Advice from Amy: Unwanted Houseguests

By Amy Dickinson | November 23rd, 2021

“Should we have to host relatives who are slobs?”


couple greeting guests at the door Iakov Filimonov Dreamstime. For Ask Amy column on unwanted houseguests

Advice columnist Amy Dickinson responds to a couple who dread hosting unwanted houseguests – in this case, relatives who are messy and have children who lack manners.


Dear Amy:

My wife and I keep an immaculate home. It is our sanctuary!

We live in a different state from majority of family. My cousins have made it known that they anticipate staying with us as house guests while visiting our area.

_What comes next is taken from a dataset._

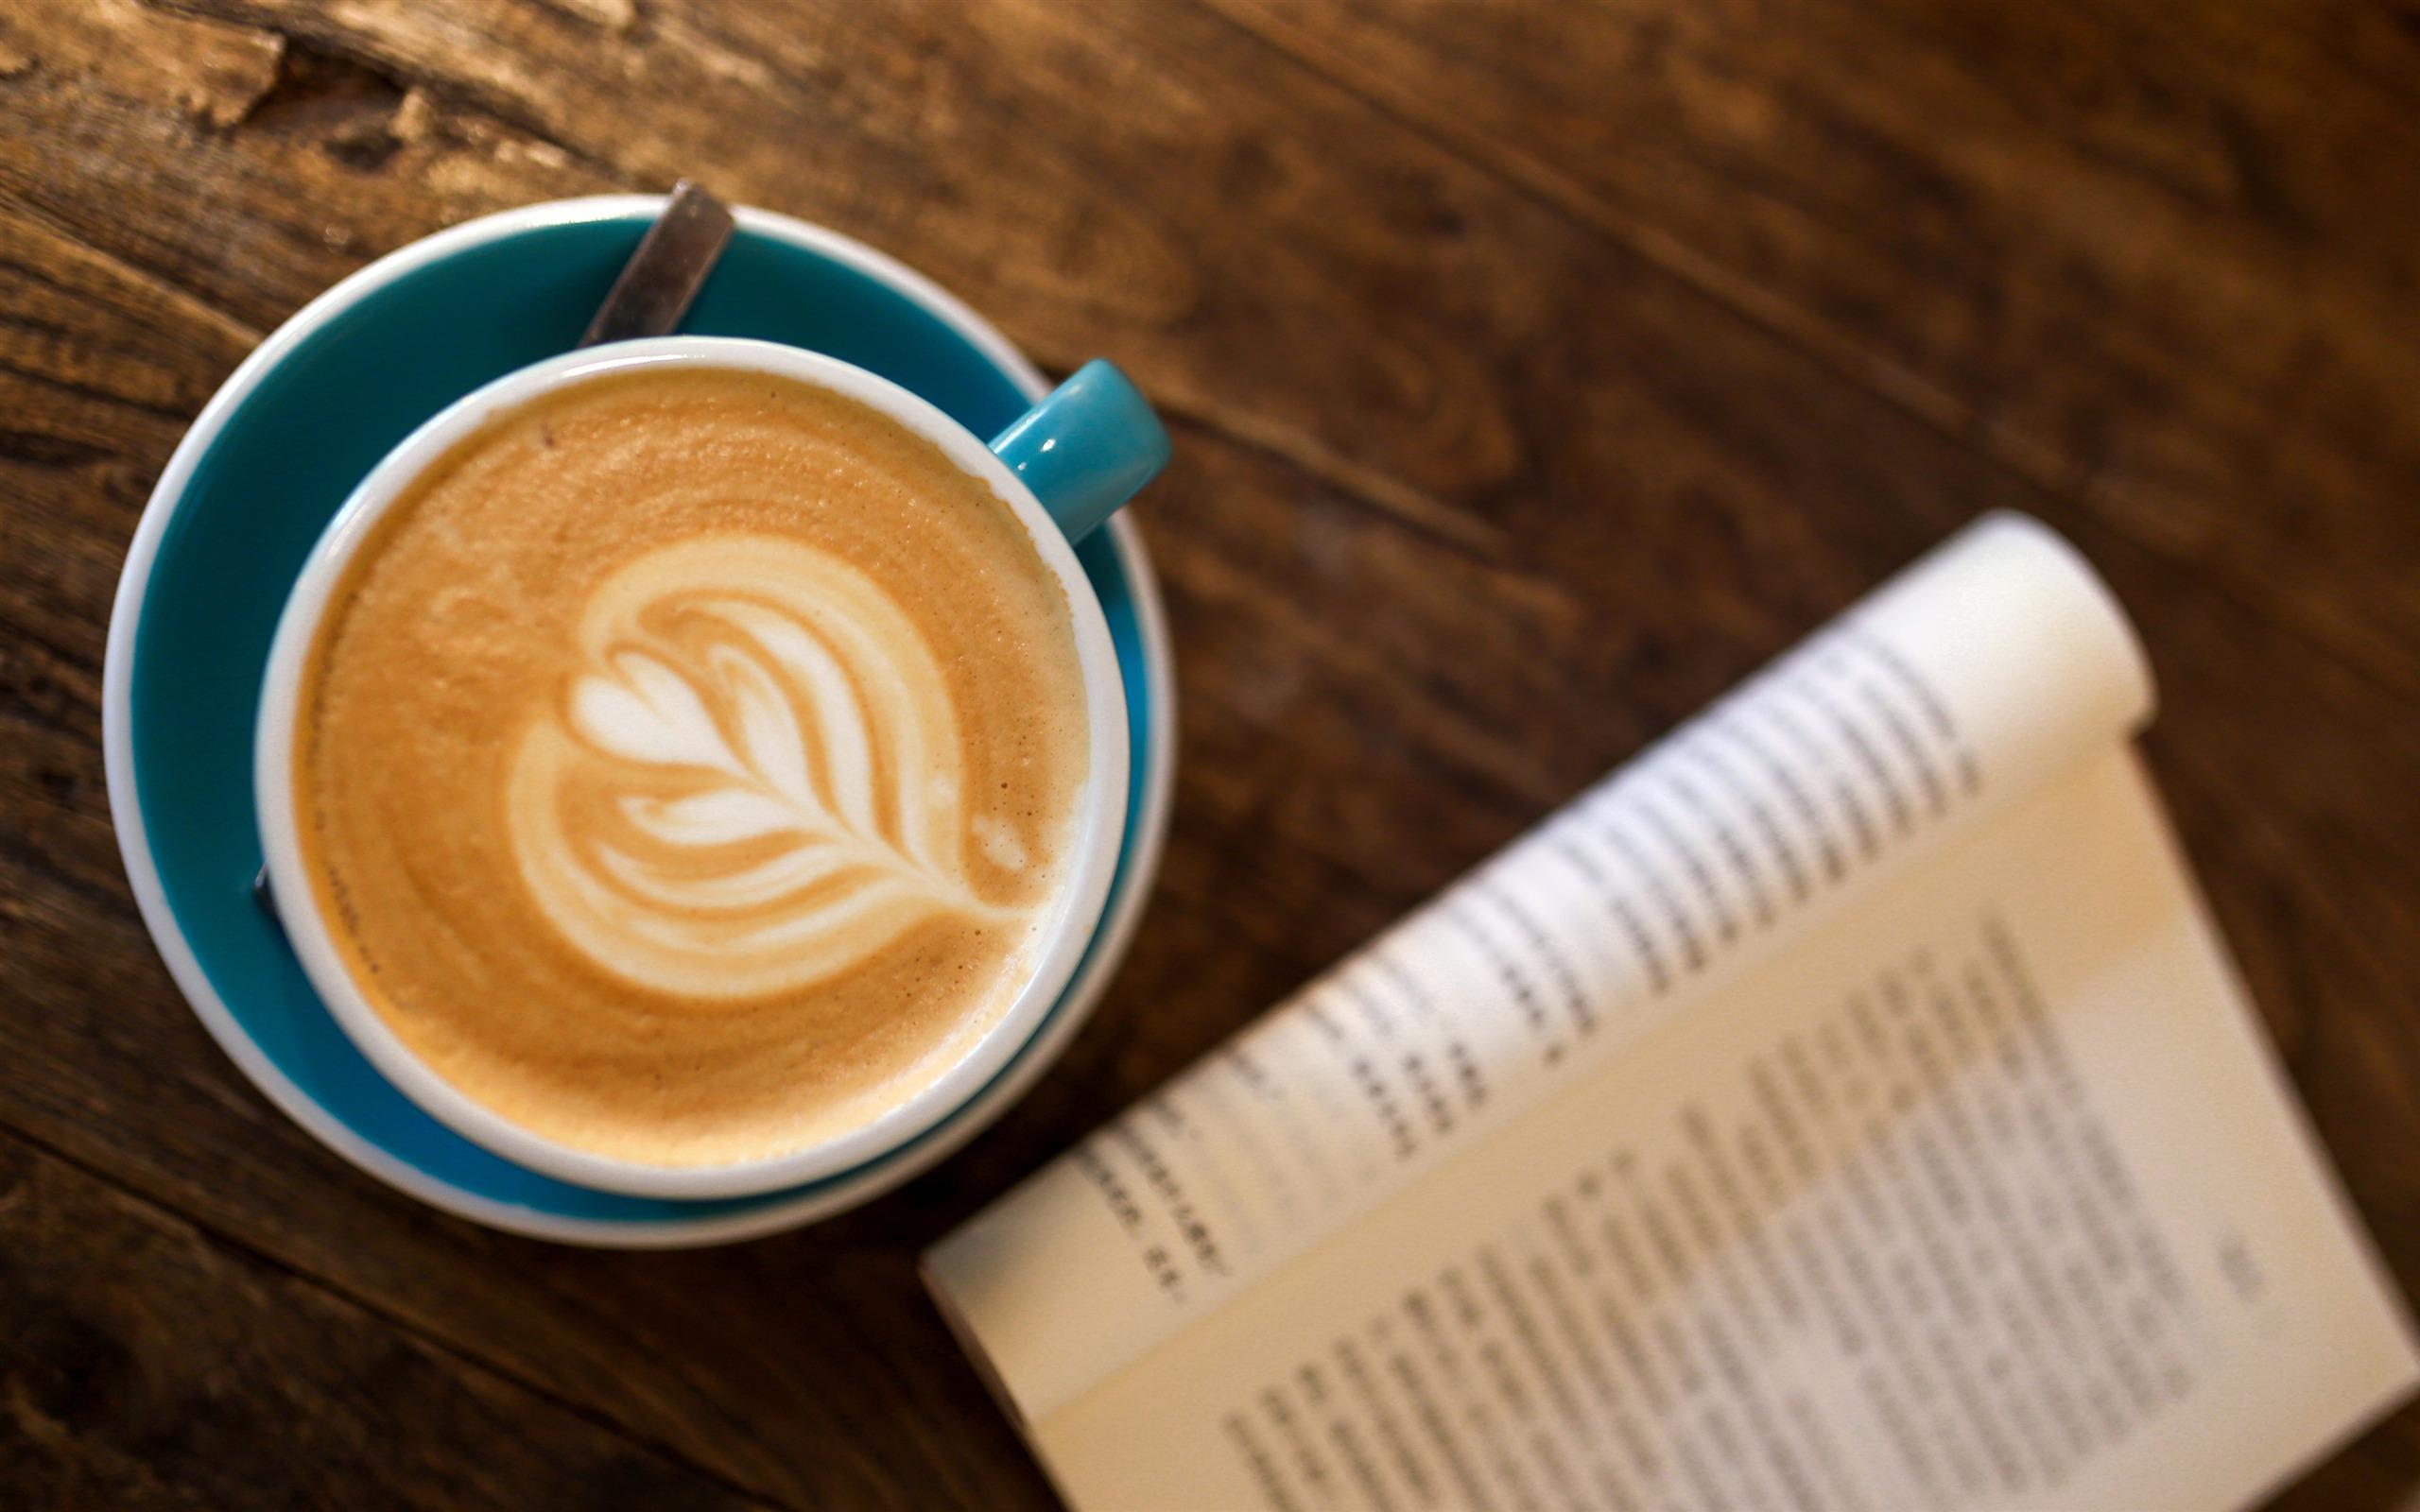 Cappuccino Mocha Coffee Reading Book Preview 10wallpaper Com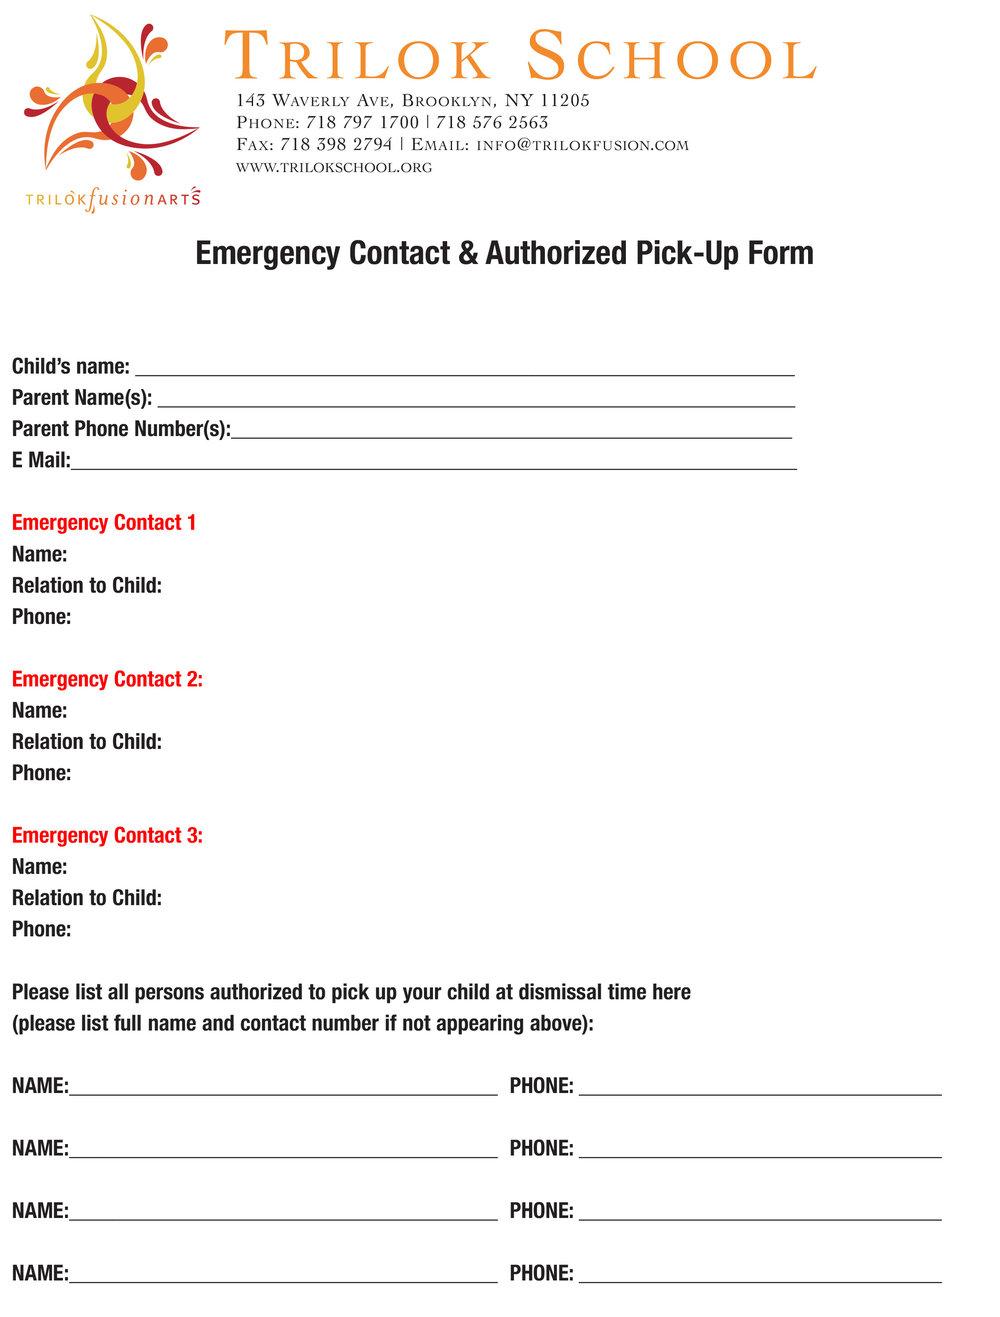 Emergencycontactform.jpg

This particular family chooses to live in squalid conditions.

They have four small children whose manners and behavior are also very challenging.

We don’t believe that this family will transform the moment they cross our doorstep.

Others say that we should accept hosting them. The theme seems to be that we should make the sacrifice and put up with painful house guests, because that is just what you do when it is your flesh and blood.

My position is that it’s unfair to make us the bad guys for wanting to spare ourselves the trial of hosting these folks in our home.

Envision being trapped in the role of manners cop/maid service for several days! What I see here is a recipe for resentment – definitely ours and probably theirs, too.

What are our options?

How would you respond to family members who imply that we’d be cold-hearted to turn the would-be guests down?

– Touchy Situation

Dear Touchy:

For people who have taken a tough stance, you and your wife seem especially vulnerable to the opinions of others.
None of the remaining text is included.